John Cage & Klaus vom Bruch

Video documentation by Klaus vom Bruch of John Cage's performance 4'33" at the Kölnischer Kunstverein, Cologne (1986). Courtesy of Klaus vom Bruch.

John Cage / Klaus vom Bruch. Exhibition view of the video 4'33" (1986) at the III Venice International Performance Art Week 2016. Image © VestAndPage

John Cage / Klaus vom Bruch. Exhibition view of the video 4'33" (1986) at the III Venice International Performance Art Week 2016. Image © VestAndPage

 

John Milton Cage Jr. (Los Angeles, 1912 – New York, 1992) was one of the most celebrated and iconoclastic American composer, music theorist, writer, philosopher, and artist. A pioneer of indeterminacy in music, electroacoustic music, and non-standard use of musical instruments, Cage was one of the leading figures of the post-war avant-garde and as been instrumental in reshaping postwar Western music. His radical innovations in compositions and theory — the application of chance and "found" sound as an integral compositional device, the creation of musical structures based on rhythm rather than tonality — were influential in altering traditional concepts of musical interpretation. Cage is perhaps best known for his 1952 composition 4′33″, which is performed in the absence of deliberate sound; musicians who present the work do nothing aside from being present for the duration specified by the title. The content of the composition is not "four minutes and 33 seconds of silence," as is often assumed, but rather the sounds of the environment heard by the audience during performance (Kostelanetz 2003, 69-70; reviews cited in Fetterman 1996, 69). The work's challenge to assumed definitions about musicianship and musical experience made it a popular and controversial topic both in musicology and the broader aesthetics of art and performance.

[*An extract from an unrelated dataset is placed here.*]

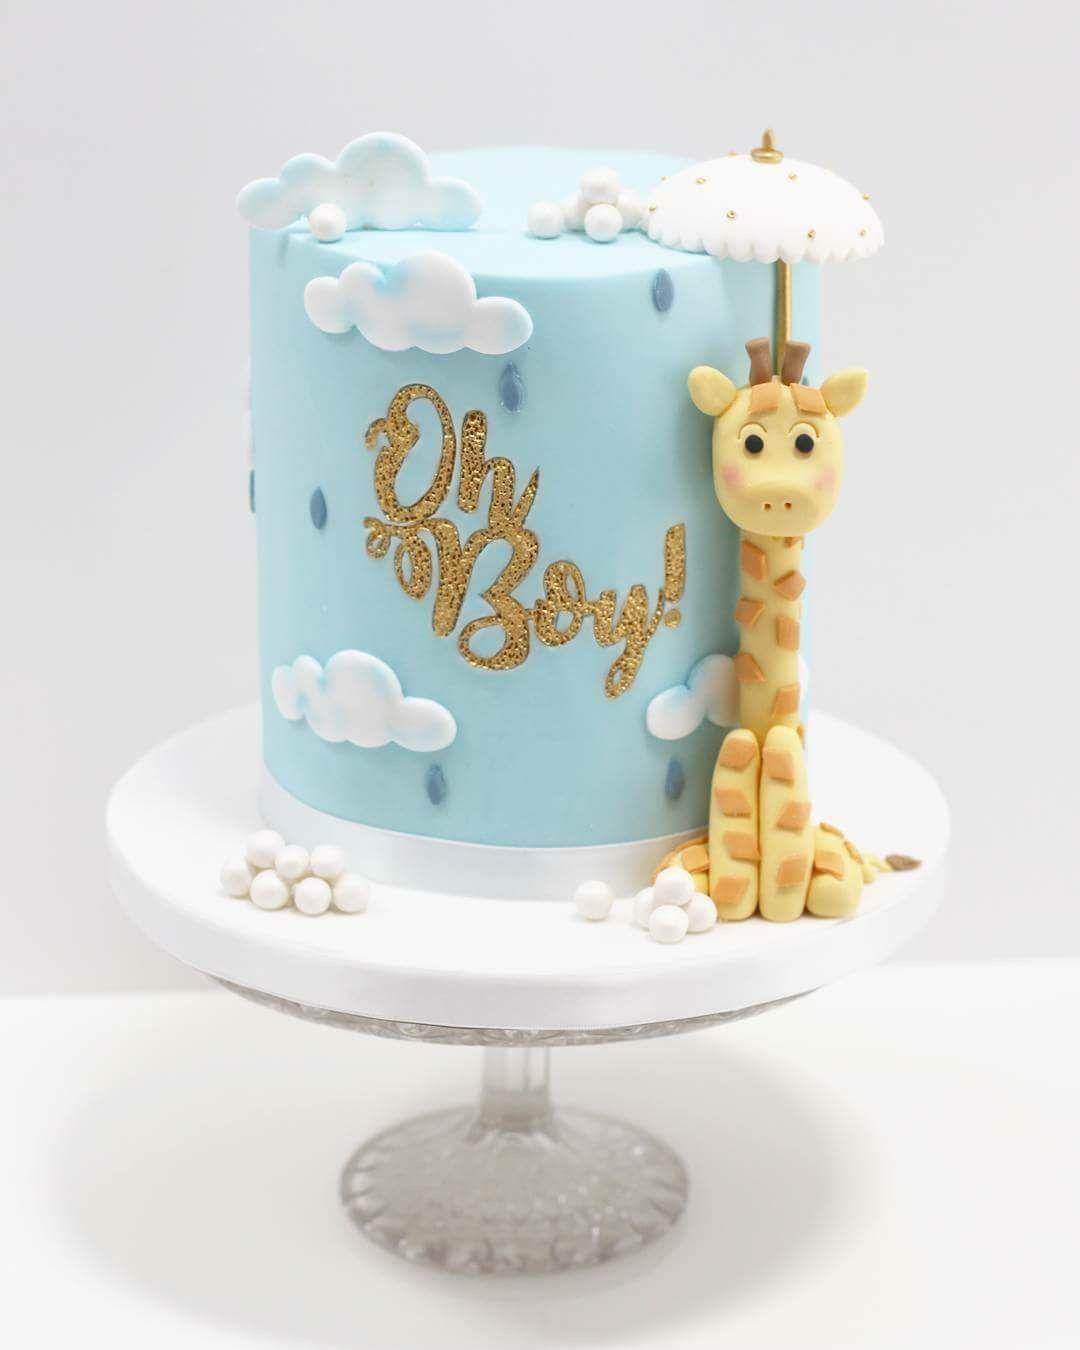 Giraffe Cakes By Jodi On ~Baby Blue Shower~

Cage was also a pioneer of the prepared piano (a piano with its sound altered by objects placed between or on its strings or hammers), for which he wrote numerous dance-related works and a few concert pieces. The best known of these is Sonatas and Interludes (1946–48). (Nicholls 2002, 80) 

Klaus vom Bruch (Cologne, 1952) is a German media artist. Vom Bruch studied conceptual art at the California Institute of the Arts with John Baldessar from 1975 to 1976, and philosophy at the University of Cologne from 1976 to 1980. With Ulrike Rosenbach and Marcel Odenbach he formed the art group ATV. He works since 1975 with video, first as a videotape and since the mid-1980s especially in installations. His commitment to critical discussions about contemporary events in politics and current social subjects are the sources for his topics. Commercials from TV are often the starting point combined with historical film material which has been alienated and restructured. For the video installations, he included his own sculptural elements, and adopted completely new and characteristic ways. Vom Bruch's early works are compelling inquiries into postwar German identity. The mythic past collides with the media present as the artist is seen in collusion with World War II bomber pilots, wartime destruction, and TV advertising. Collapsing the personal and the historical, conflating subjectivity and history, desire and the cinematic apparatus, or the body and communications technologies, vom Bruch's potent analytical systems expand on the theories of Paul Virilio.

The VENICE INTERNATIONAL PERFORMANCE ART WEEK 2016 presents the video documentation by Klaus vom Bruch of John Cage's 1986 performance 4'33", held at the Kölnische Kunstverein, Cologne (DE).